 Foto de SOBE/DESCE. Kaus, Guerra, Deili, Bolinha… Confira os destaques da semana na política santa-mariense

* * *

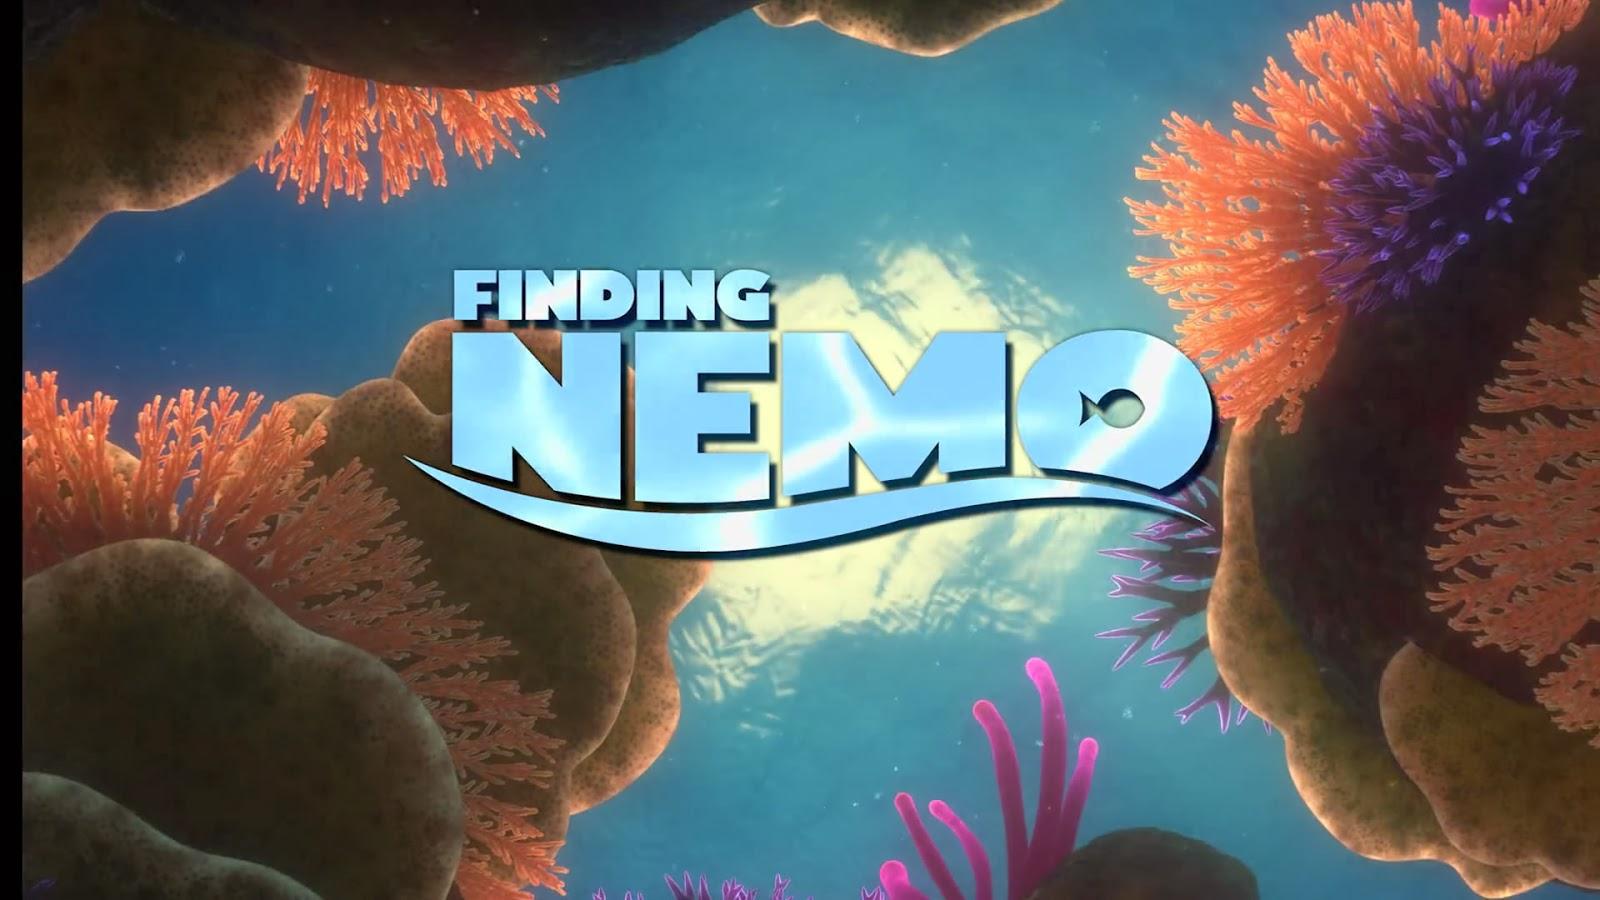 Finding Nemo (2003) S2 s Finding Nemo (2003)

---

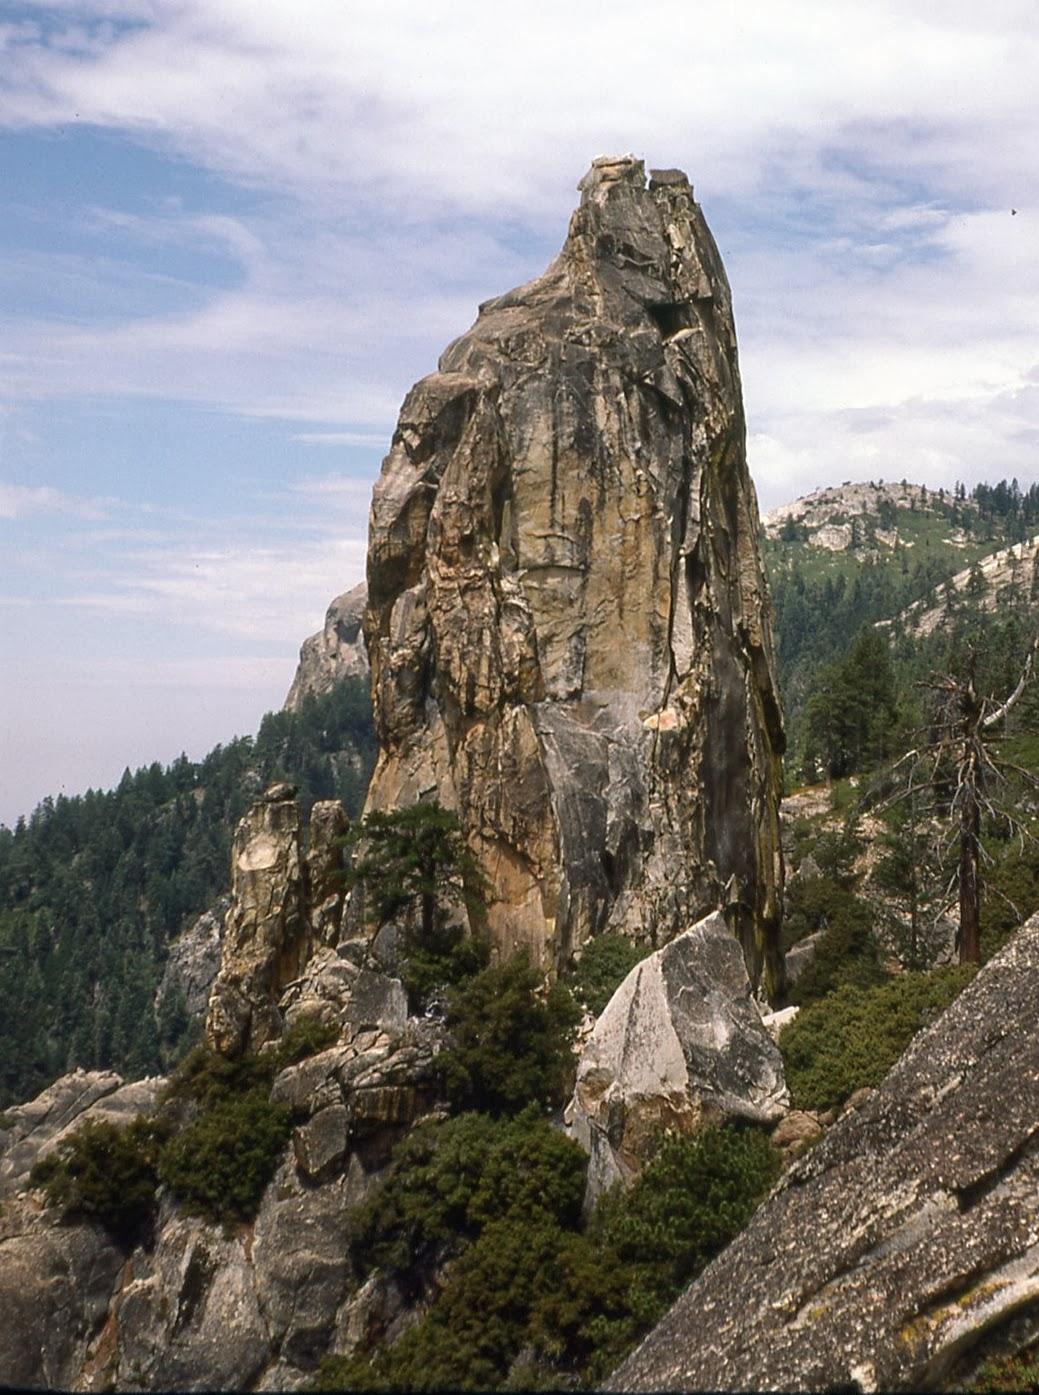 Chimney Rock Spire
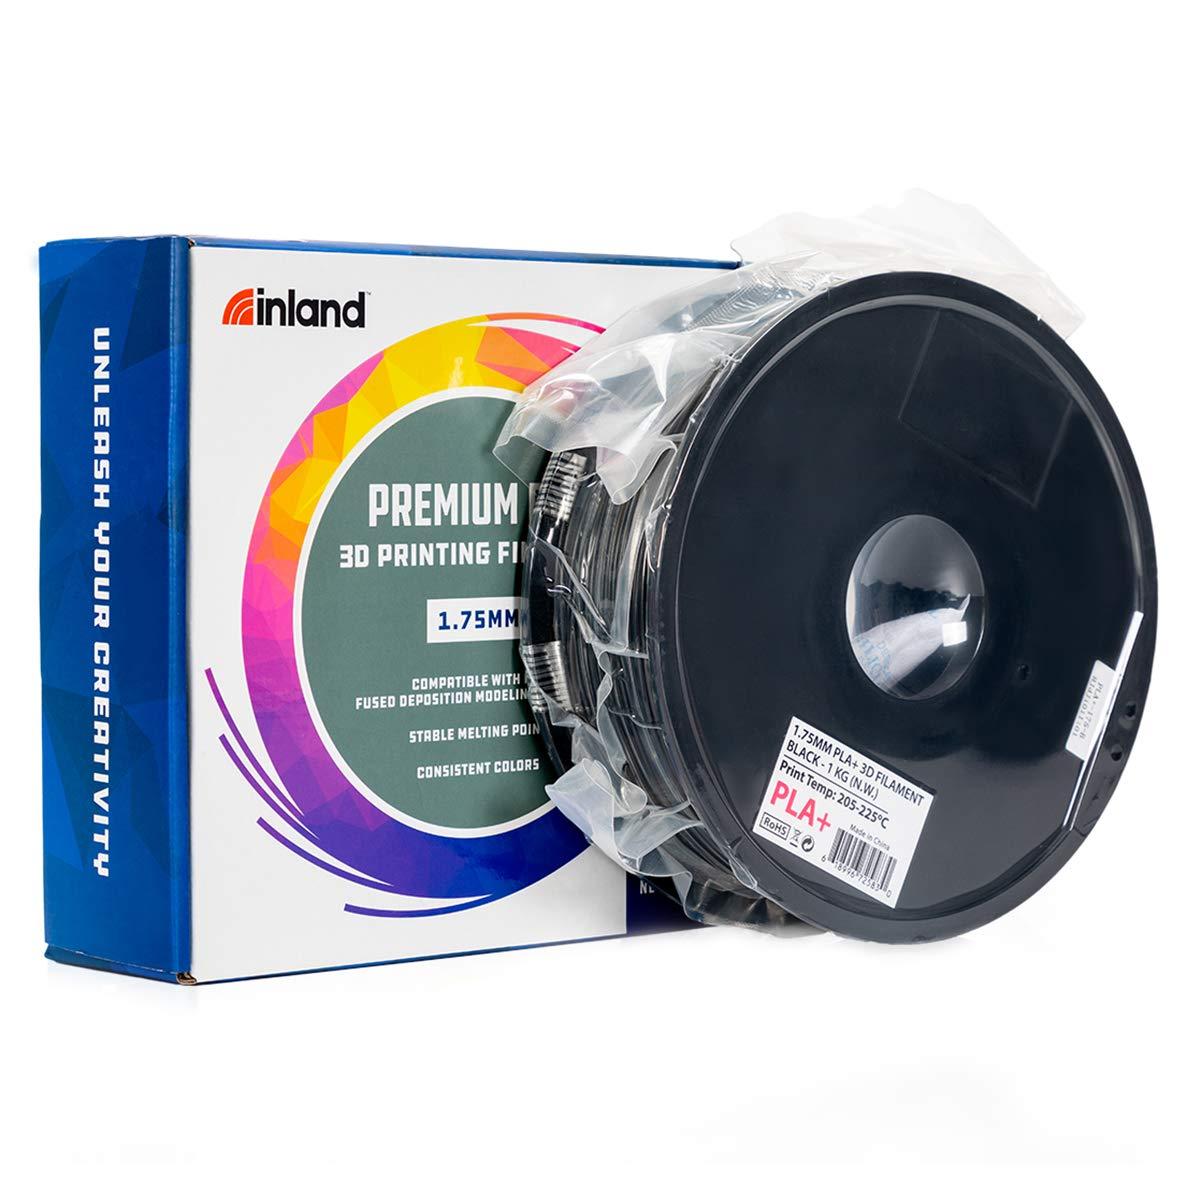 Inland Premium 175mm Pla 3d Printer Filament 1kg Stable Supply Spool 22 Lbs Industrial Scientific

:: YOUR ASSIGNMENT ::
Using the listing above, reproduce word for word every line from the one containing "Chimney Rock Spire" through the one containing "Inland Premium 175mm". Pictures must be left out.

:: EXERCISE OUTPUT ::
 Chimney Rock Spire
 Inland Premium 175mm Pla 3d Printer Filament 1kg Stable Supply Spool 22 Lbs Industrial Scientific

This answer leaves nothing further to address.